Pourquoi faut-il tout justifier? Tout comprendre? Savoir toucher précisément chaque élément derrière chaque émotion?

Pourquoi la raison doit-elle l’emporter, à tout coup, sur le cœur? En fait, comment la raison peut-elle prendre le dessus sur les émotions? Le quantifiable, le mesurable, le perceptible, tout ça c’est très pratique pour la science et les mathématiques. Mais quand on parle d’émotions, de ressenti, de feelings, de sentiments, ces outils ne sont pas toujours adéquats.

Ce que Madame Rosa voulait dire, je le comprends ainsi : on n’a pas besoin de justifier ce qu’on ressent.
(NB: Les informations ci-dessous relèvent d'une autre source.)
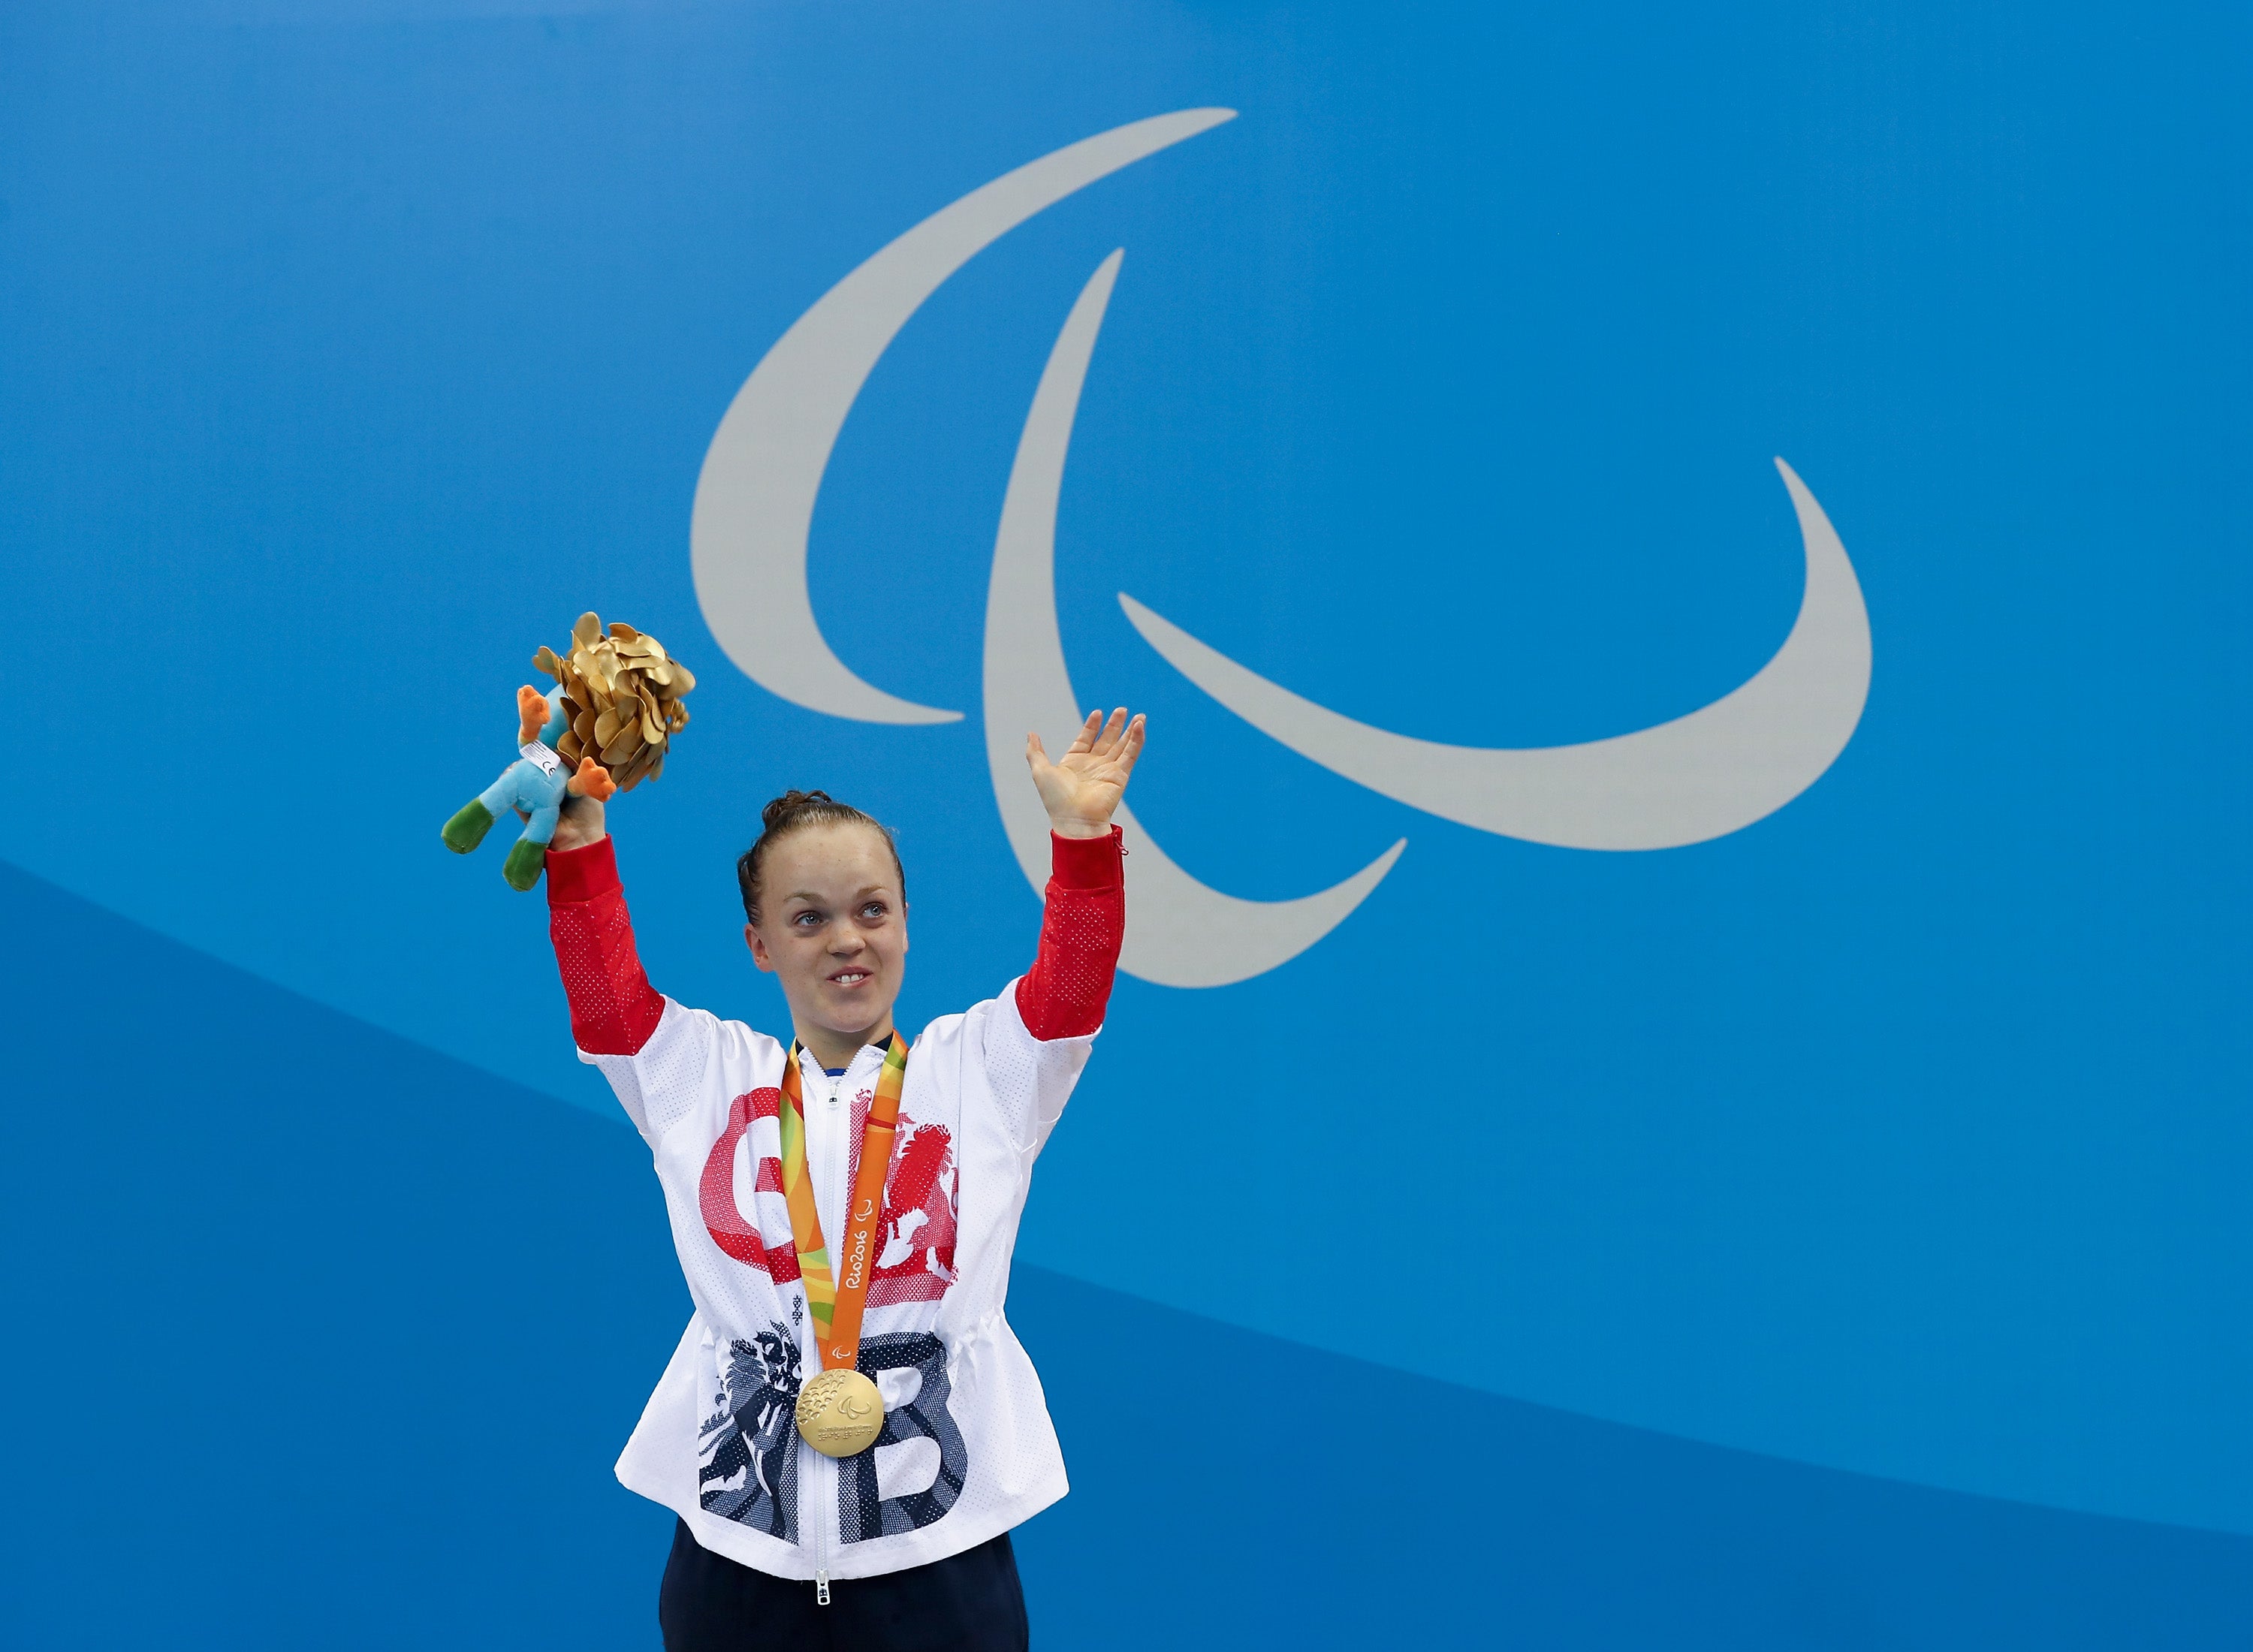 Ellie Simmonds is set for a fourth Paralympics

On peut tenter de le comprendre, de l’écouter, de le sentir, mais ce n’est pas important de le justifier en lui trouvant un motif.

On peut avoir peur, être en colère, sauter de joie, rire, pleurer, être dégoûté.e, se sentir perdu.e, se chercher, tout ça. On peut vivre tout ça sans avoir de raison. Sans devoir se justifier à qui que ce soit.
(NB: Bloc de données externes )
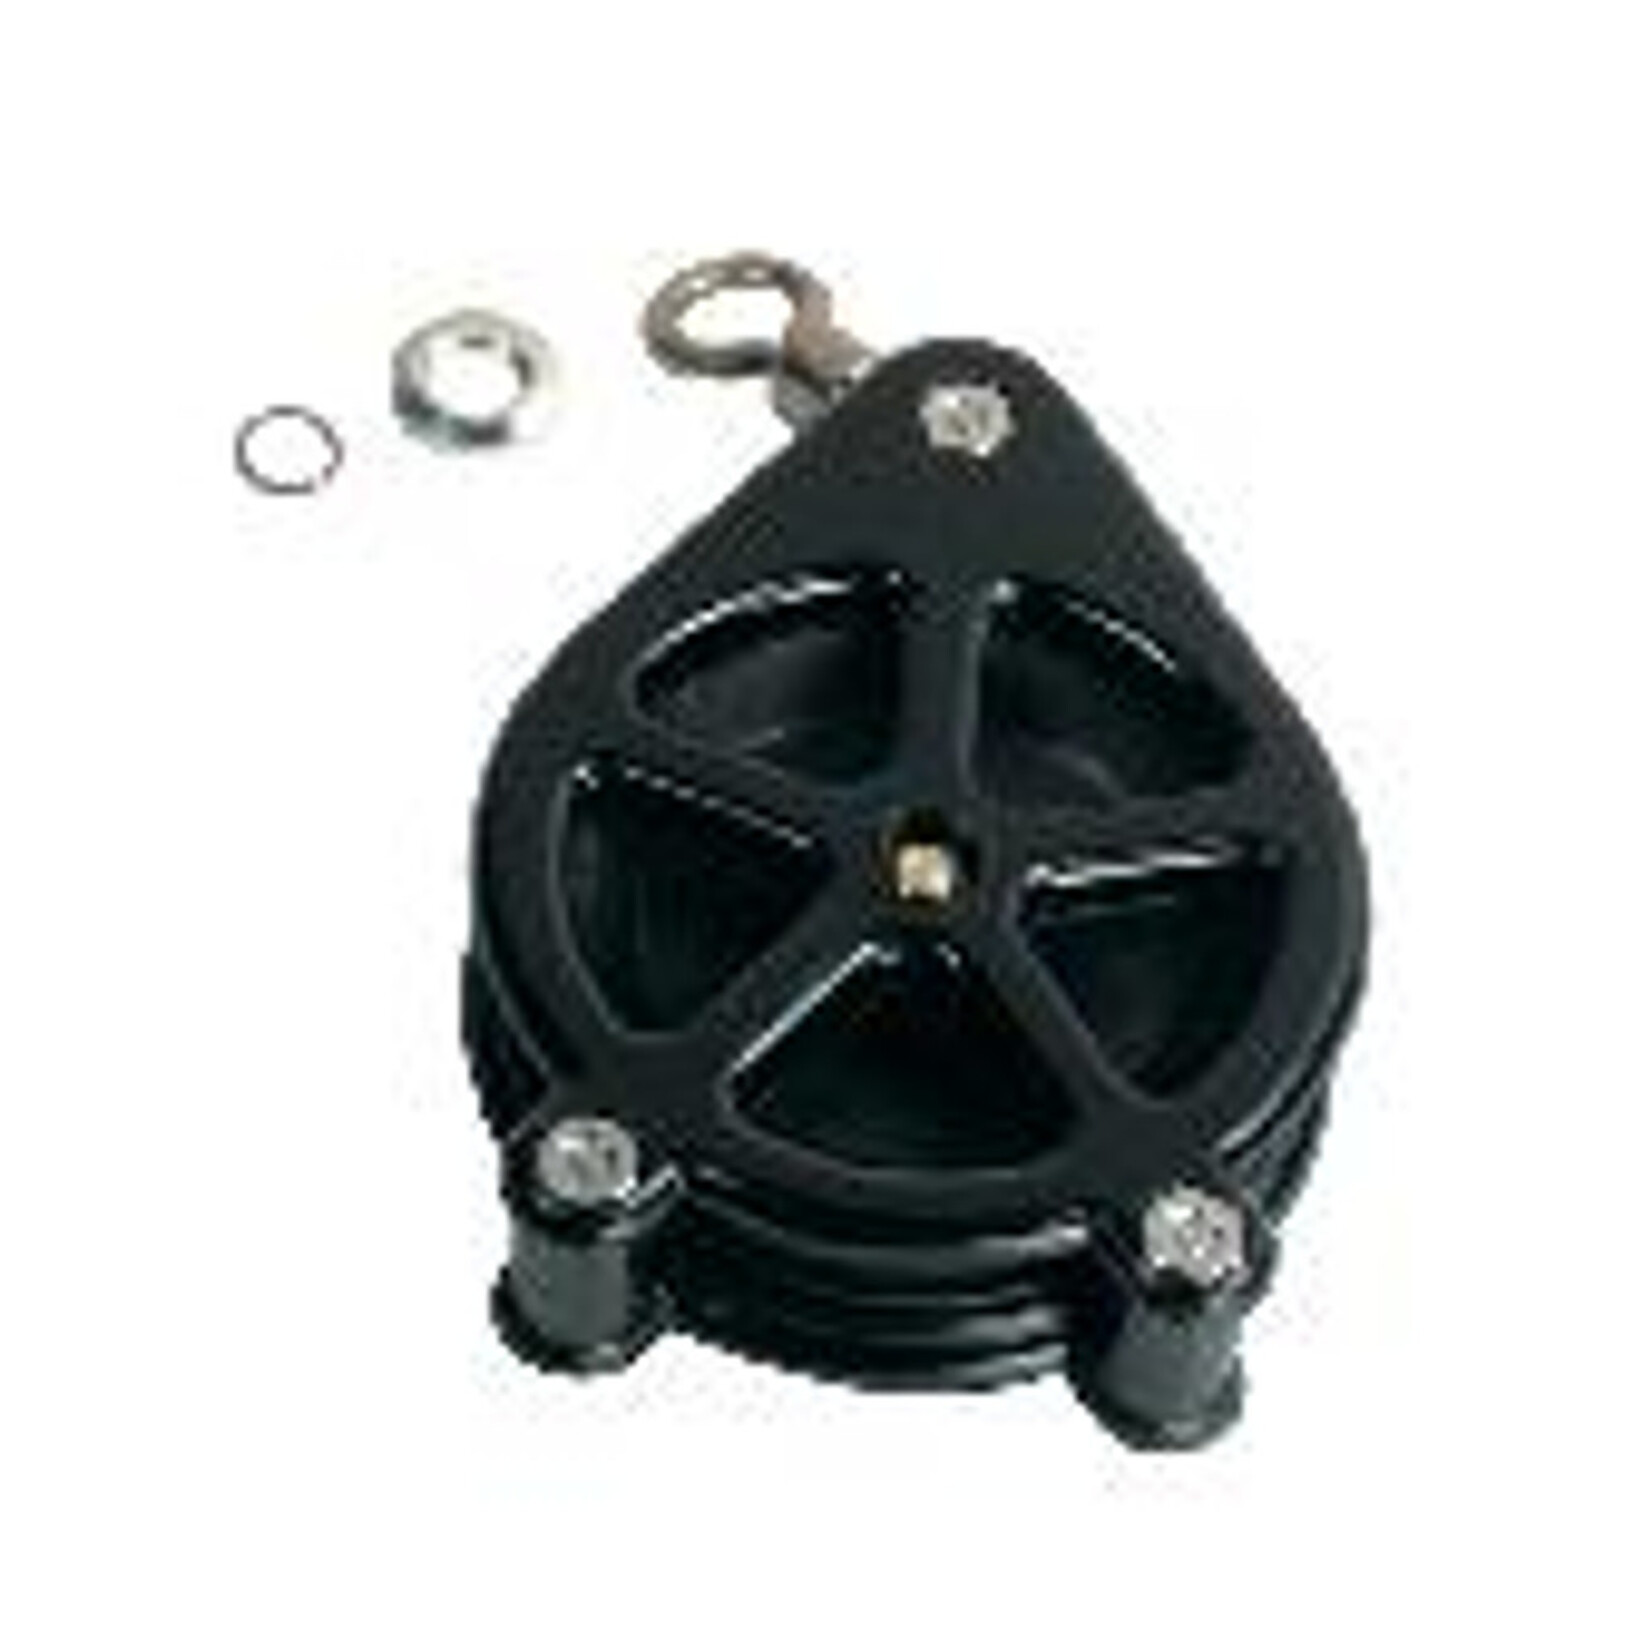 BIG JON END PULLEY W/RETAINERS

Accepter ce que l’on vit, le légitimer, c’est tout ce qu’on se doit de faire. Le reste, l’argumentation et la justification, on n’en a pas besoin dans la mesure où ça nous culpabilise. On peut chercher un sens (en fait, on le fait toujours un peu malgré nous). Mais avant de chercher un sens, avant de rationaliser ce que l’on vit, il faut vivre ce que l’on a à vivre.
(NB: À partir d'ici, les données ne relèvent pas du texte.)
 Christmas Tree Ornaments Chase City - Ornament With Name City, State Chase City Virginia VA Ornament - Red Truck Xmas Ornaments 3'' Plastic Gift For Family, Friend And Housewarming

Alors, vivez ce que vous avez à vivre, dans le respect de votre être et des gens qui vous entourent. Soyez tristes, en colère, euphoriques, confus.es, aux anges, réconforté.es, impatient.es, distant.es, enchanté.es, léger.ères, incertain.es, effrayé.es.

Et la prochaine fois que vous aurez peur, lorsqu’une petite voix vous posera la question : « Oui, mais pourquoi? », vous saurez que ce n’est pas nécessaire d’avoir des raisons pour avoir peur… et pour ressentir ce que vous ressentez.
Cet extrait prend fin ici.